Technology That Makes Work Easier

  • Utilize advanced systems and workflows designed to support coding accuracy and compliance
  • Access collaborative resources and ongoing regulatory updates
  • Work alongside experienced clinical, billing, and revenue cycle teams

What You'll Do

  • Conduct Coding Audits
    • Perform detailed reviews of medical record documentation and coding to ensure accuracy, completeness, and compliance with ICD-10-CM, CPT, HCPCS, and payer guidelines.
  • Identify and Mitigate Risks
    • Analyze audit findings to identify compliance trends, risks, and opportunities for improvement.
    • Recommend and support corrective action plans.
  • Provide Education and Training
    • Develop and deliver educational sessions and one-on-one guidance for physicians and staff regarding coding best practices and compliance standards.
  • Stay Up to Date on Regulations
    • Maintain current knowledge of CMS guidelines, federal and state regulations, and industry coding standards.
    • Research and interpret new coding and billing policies.
  • Respond to Inquiries
    • Serve as a resource for coding, billing, and documentation compliance questions across departments.
  • Prepare Reports
    • Document audit findings and prepare clear, concise reports for leadership outlining risks and recommendations.
  • Investigate Compliance Issues
    • Conduct investigations into potential non-compliant activities or billing discrepancies and assist in identifying root causes and solutions.
  • Collaborate Across Departments
    • Partner closely with billing, revenue cycle management, providers, and operational teams to support compliant and efficient workflows.

Your Qualifications

  • Minimum of 5 years of experience in medical coding and auditing.

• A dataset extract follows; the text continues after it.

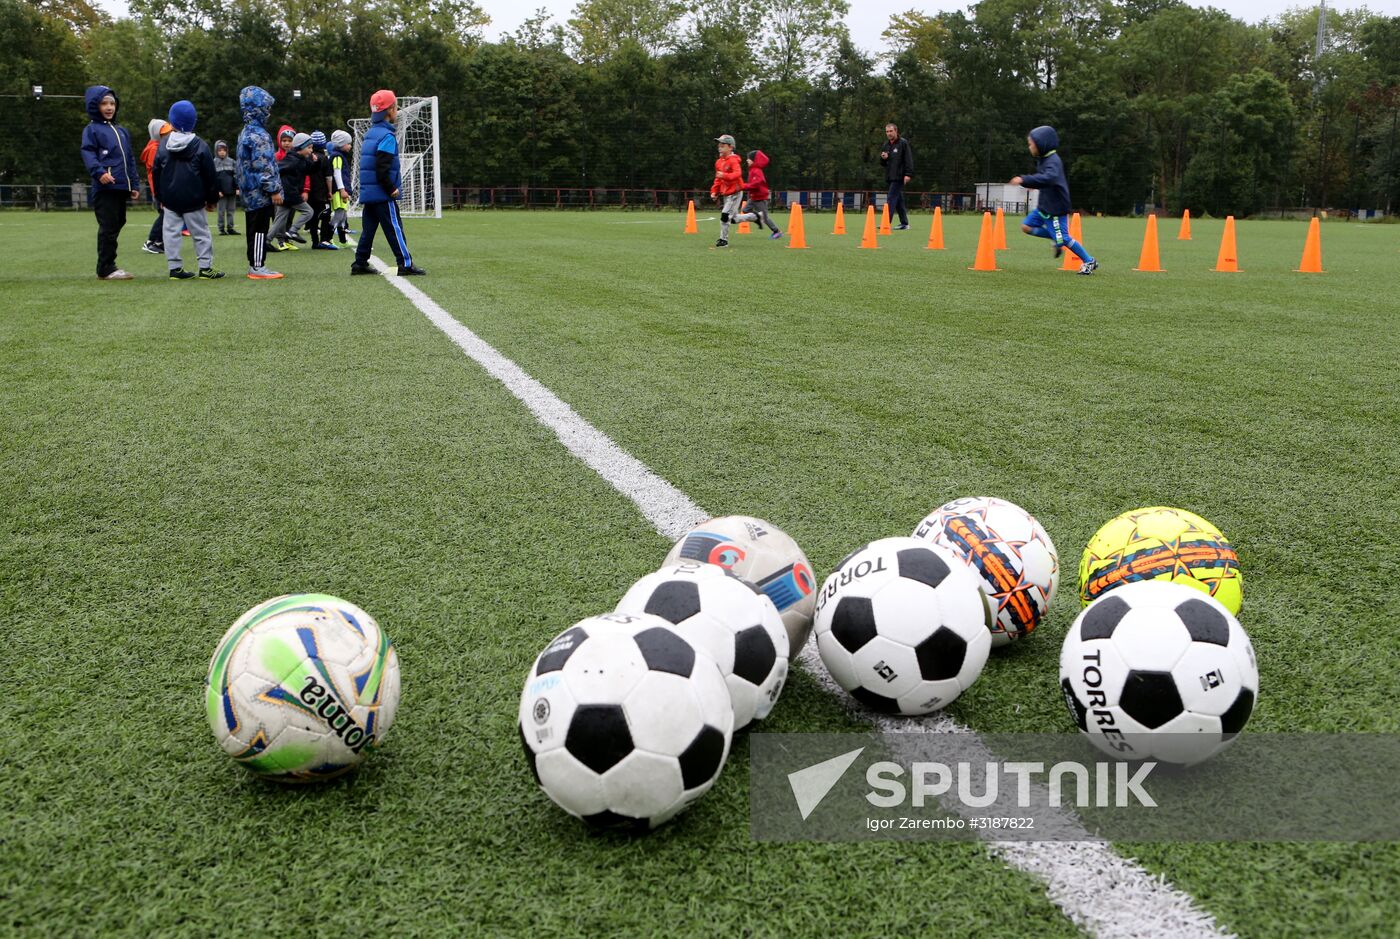 Training site for World Cup 2018 participating teams in Kaliningrad

One or more of the following certifications is required:

    • Certified Professional Coder (CPC)
    • Certified Coding Specialist (CCS)
    • Certified Professional Medical Auditor (CPMA)
    • Equivalent industry-recognized certification
  • Associate's or Bachelor's degree in Health Information Management or a related field preferred, but not required.
  • Experience with Evaluation and Management (E/M) coding, Chronic Care Management (CCM), and Risk Adjustment coding preferred.
  • Extensive knowledge of CPT, ICD-10-CM, and HCPCS coding systems.
  • Strong understanding of Medicare and Medicaid regulations and compliance standards.
  • Strong analytical and problem-solving abilities
  • Excellent written, verbal, and presentation communication skills
  • High attention to detail and organizational skills
  • Ability to maintain confidentiality and professionalism with sensitive patient information

Theoria Medical Invests in You Long-Term

At Theoria Medical, we recognize the importance of compliance professionals in supporting exceptional patient care and operational excellence. We are committed to investing in your growth through ongoing support, collaboration, and career development opportunities.

Connect with a recruiter today to learn more about joining our growing team.

Employee must be able to perform the essential functions of this position satisfactorily, with or without a reasonable accommodation. Theoria Medical conducts criminal background checks and pre-employment drug testing on all candidates upon acceptance of a contingent offer.